A total of 5 × 106 Huh7 cells was transfected with pcDNA3.1, WT, or Mut. After 24 h, cells were washed twice with 10 ml of ice cold phosphate-buffered saline (PBS). The cells were resuspended in 5 ml lysis buffer (25 mM Tris HCl (pH 7.5), 150 mM KCl, 2 mM EDTA, 0.5% NP-40 and 0.5 mM DTT) with RNase inhibitors and protease inhibitors. After a 30-min incubation, lysates were pelleted by centrifugation at 20,000 g for 30 min at 4 °C. Ago2-antibody (6μg; abcam, ab32381) or control antibodies (immunoglobulin G (IgG)) were added to 2.5 mL RPMI-medium and incubated with 30 μl Protein-G Sepharose beads (GE Healthcare) for 12–18 h with tumbling end over end at 4 °C. The beads were pelleted and wash four to five times with cold lysis buffer. The beads were subsequently incubated with 5 mL cell lysate for 2.5 h under constant rotation at 4 °C. After incubation, the beads were washed four times with IP wash buffer containing 300 mM NaCl, 50 mM Tris HCl (pH 7.5), 5 mM MgCl2, 0.1% NP-40 and 1 mM NaF and once with PBS to remove residual detergents. The AGO2 components were released and RNA was isolated from the immunoprecipitated pellet by adding Trizol reagent. Total RNA was used for qRT–PCR of cyclin G1 mRNAs.

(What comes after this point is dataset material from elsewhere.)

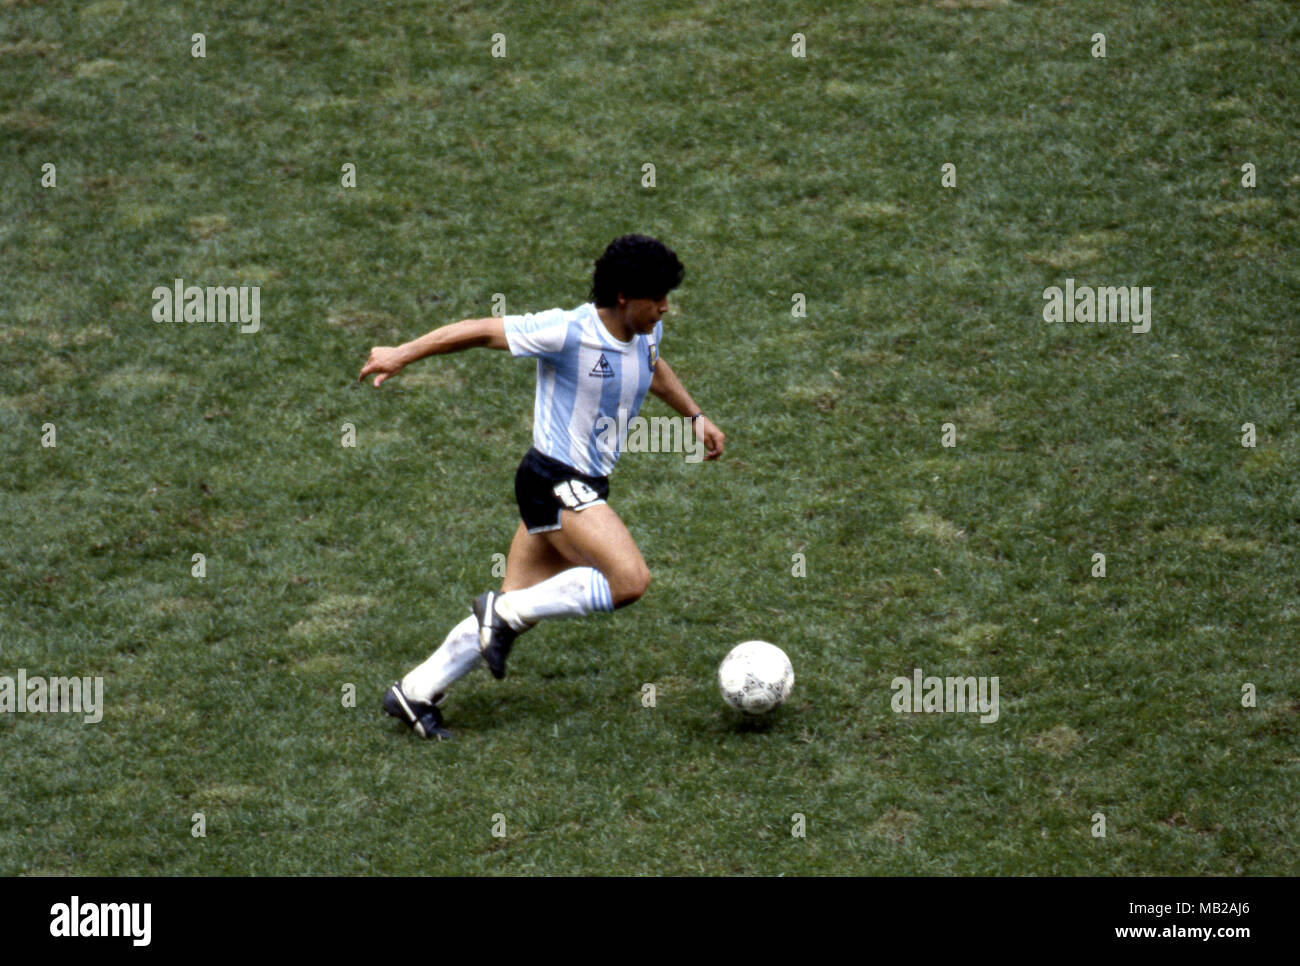 FIFA WM - Mexiko 1986 25.06.1986, Estadio Azteca, Mexico, D.F. Halbfinale Argentinien gegen Belgien. Diego Maradona - Argentinien Stockfoto
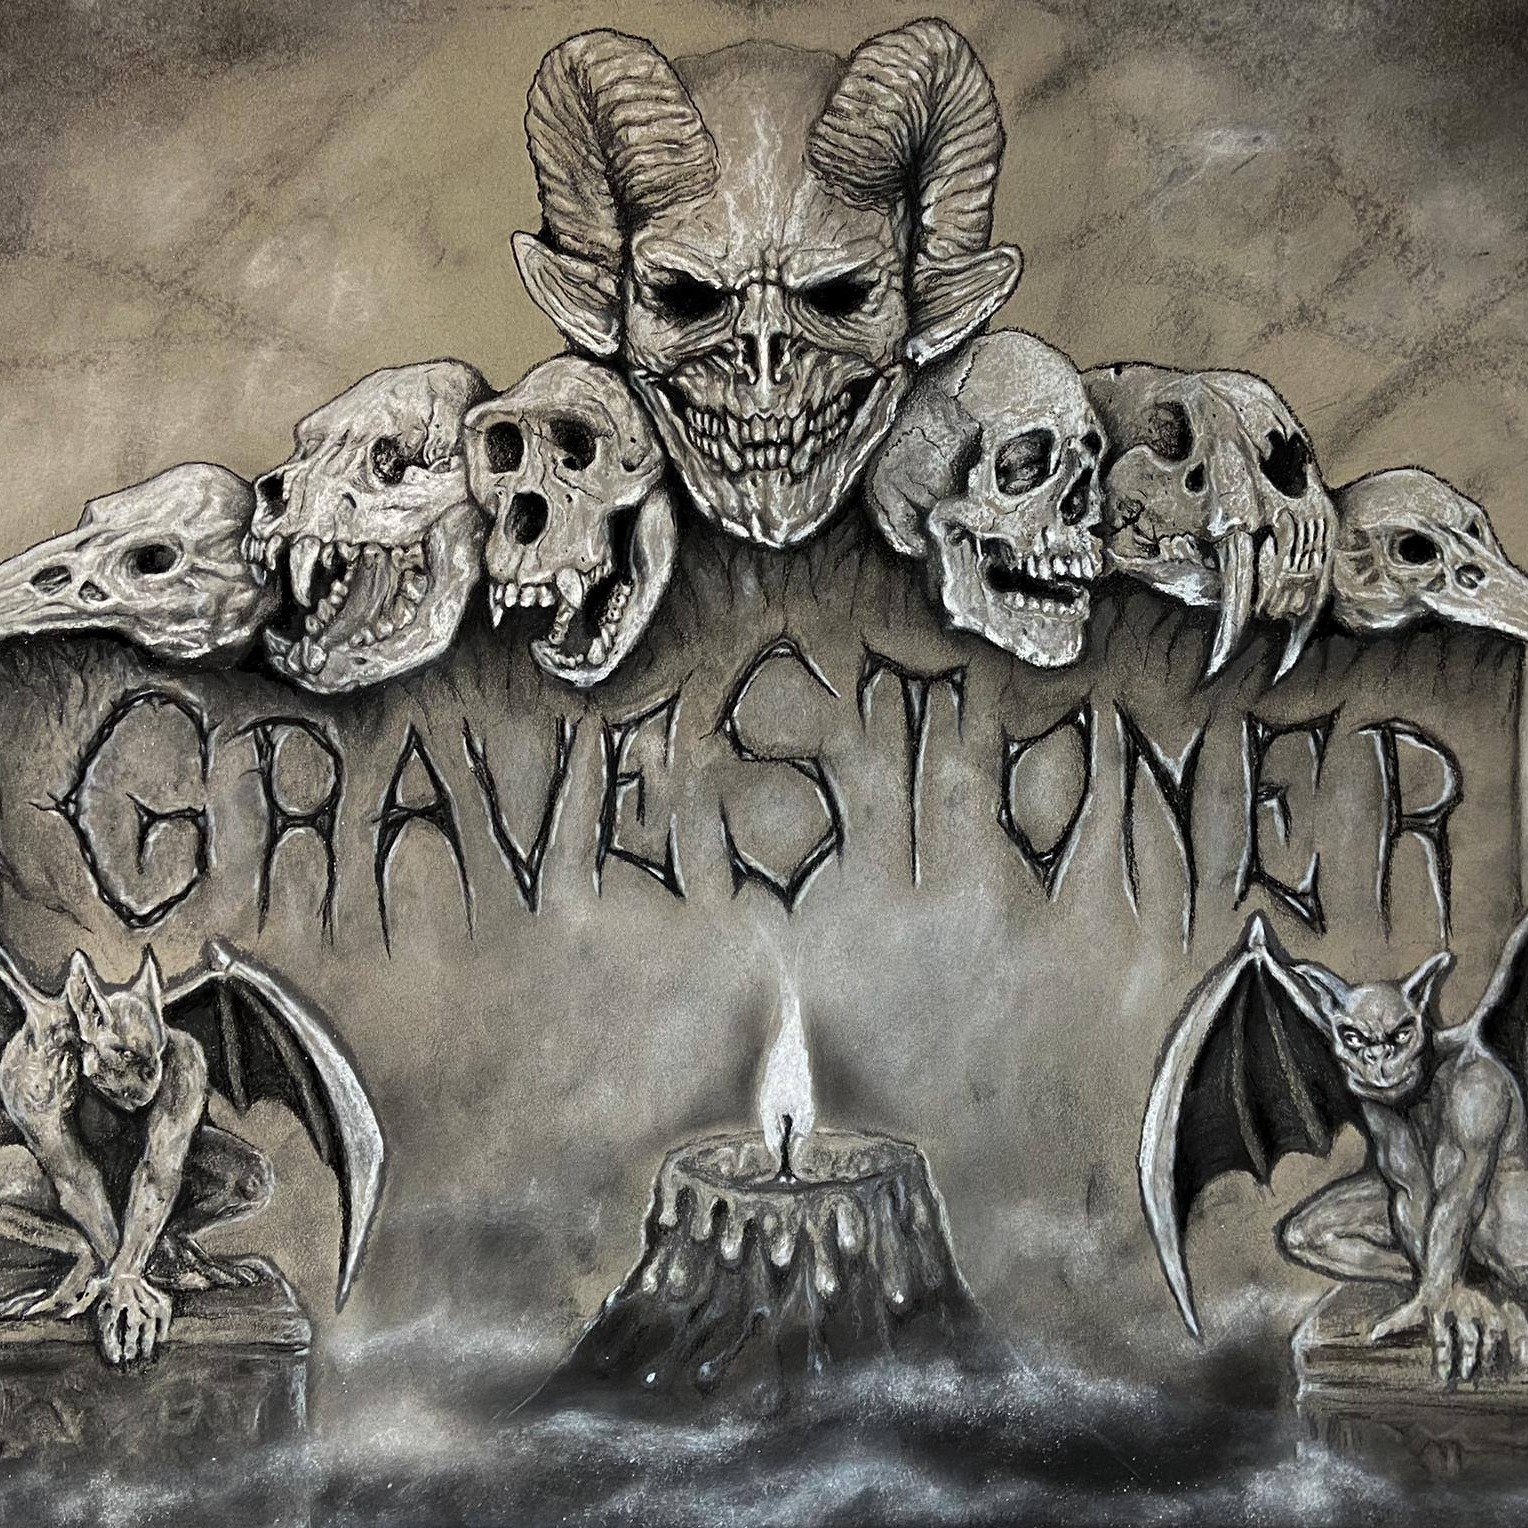 Reseña : Gravestoner – Primer EP “Gravestoner”

Transcript copy-number analysis

RNA was extracted from 1 × 105 Huh7 cells using Trizol Reagent. Absolute quantification of HBV total mRNAs and mir-122 was performed by qRT–PCR. For a standardized evaluation, threshold cycle (CT) values were compared to a 10-fold serial dilution of either in vitro-transcribed HBV mRNAs or synthetic miR-122 mimics (RiboBio Co., Ltd). Then, the copies of transcript per cell were calculated with standard stoichiometric methods.

Statistical analyses

Data were expressed as mean ± SD (standard deviation) from three independent experiments. The statistical significance between two and more than two groups was measured using the two-tailed Student’s t-test and ANOVA respectively. Association between variables was assessed by Pearson’s χ2 test. P values < 0.05 were considered significant.

Additional Information

How to cite this article: Hu, J. et al. A cross-talk between Hepatitis B virus and host mRNAs confers viral adaptation to liver. Sci. Rep. 5, 10572; doi: 10.1038/srep10572 (2015).

Accession number: The Gene Expression Omnibus accession number for the microarray data reported in this paper is GSE64084.